Ok so for example I have an array of strings with each string as below:
364VMS1029
364VMSH920
364VMSH192
364VMSU839
364VMN2382
364VMR223
364VMR2X3
364VMN829
364VMN8757
364VMN831
How can I dynamically get the program to recognise the common characters among all strings in the array, which in this case is 364VM
and filter them out?
If there’s no common character, then don’t do anything.
When you have a complicated problem that you can’t solve, try breaking it down into simpler problems and solve those.
Your problem rephrased:
Remove the common prefix and suffix from a list of strings.
A simpler problem would be:
Find the common prefix for a pair of strings.
This should be much simpler to solve, for example like this:
string GetPrefix(string first, string second)
{
int prefixLength = 0;
for (int i = 0; i < Math.Min(first.Length, second.Length); i++)
{
if (first[i] != second[i])
break;
prefixLength++;
}
return first.Substring(0, prefixLength);
}
Now that you have this, you can build back to the original problem:
Find the common prefix for a list of strings.
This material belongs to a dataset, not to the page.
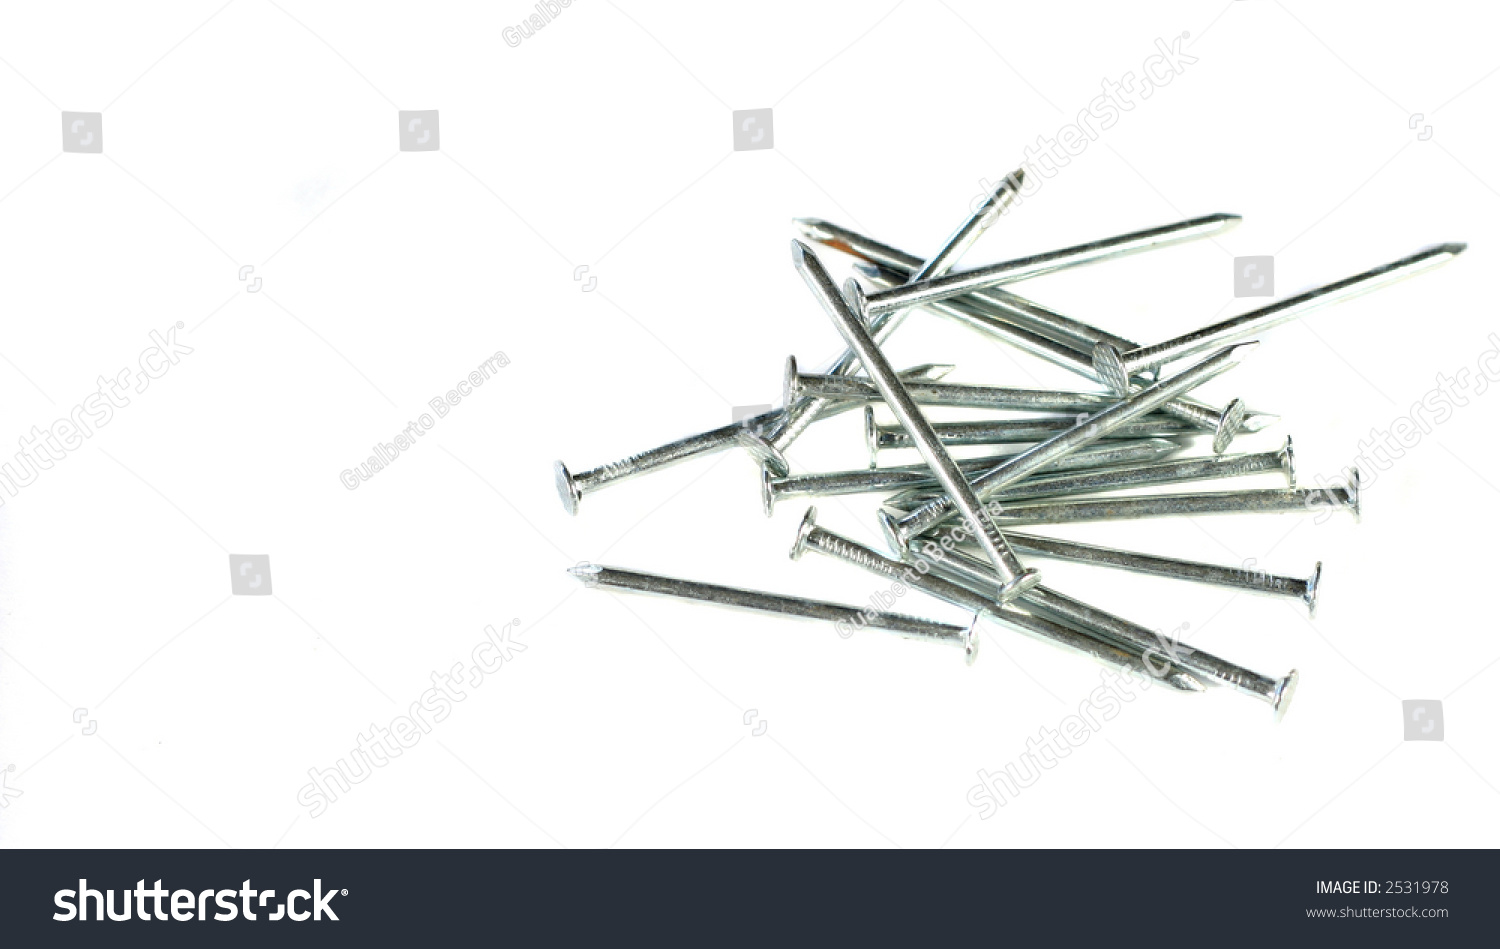 Nails Stock Photo 2531978 - Shutterstock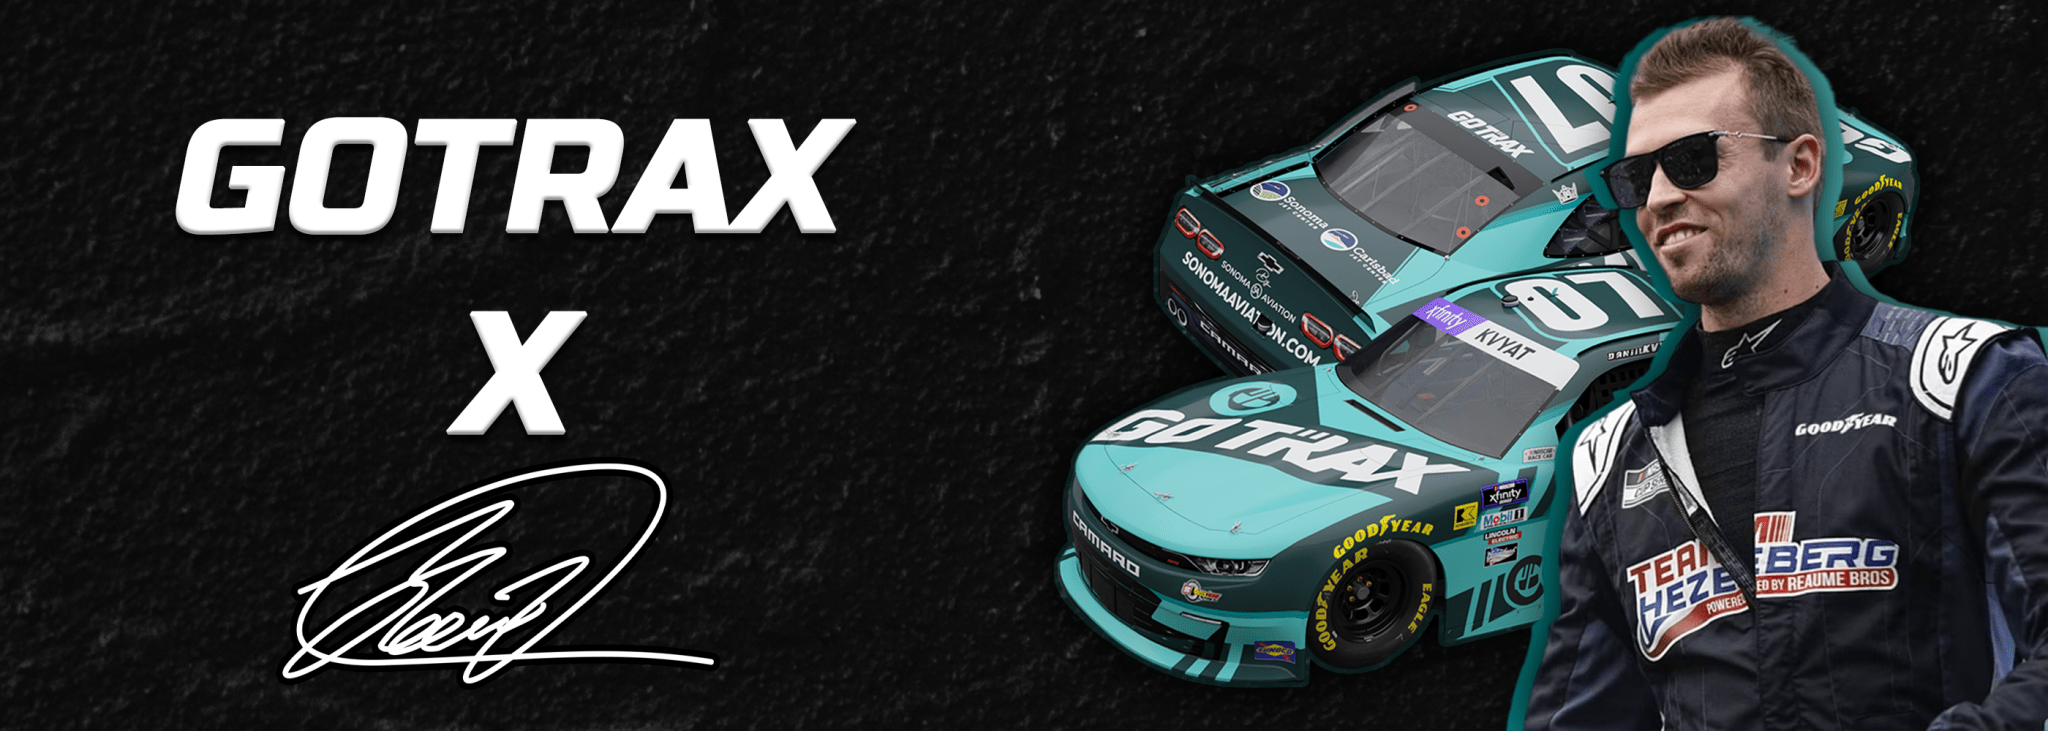 GOTRAX Is Partnering with Daniil Kvyat for NASCAR at COTA - GOTRAX

Here, it’s very helpful to realize that the prefix of three strings is the same as the prefix of the prefix of the first two strings and the third string. (Hmm, that sounds confusing, maybe it will be clearer in a more formal notation: prefix(A, B, C) = prefix(prefix(A, B), C).)
This means that you can use the LINQ method Aggregate()
on the GetPrefix()
method above to get the prefix of a whole list of strings:
string GetPrefix(IEnumerable<string> strings)
{
return strings.Aggregate(GetPrefix);
}
The next step:
Remove the common prefix from a list of strings.
Now that we can find the common prefix, we can remove it using LINQ Select()
and Substring()
:
IEnumerable<string> RemovePrefix(IEnumerable<string> strings)
{
var prefix = GetPrefix(strings);
return strings.Select(s => s.Substring(prefix.Length, s.Length - prefix.Length));
}
This assumes you want to get a new sequence containing the filtered strings. If you want to modify an existing collection, use a for
loop instead of the Select()
.
One last step:
Remove the common prefix and suffix from a list of strings.
I’ll leave this as an exercise for the reader. This answer contains simple code for reversing a string, which could be helpful. (I think you don’t need the code from other answers to that question, since it looks like your strings are ASCII-only.)
You have to compare every character at the beginning of the strings to see how long the longest common prefix is, and stop once you’ve found a difference.
(Depending on how expensive string access is vs. sorting, you might save time by first sorting the list and then looking only at the first and last string – whatever they have in common will, by definition, also be common to all strings between them. But it is a matter of profiling to find out whether this saves or adds time.)
3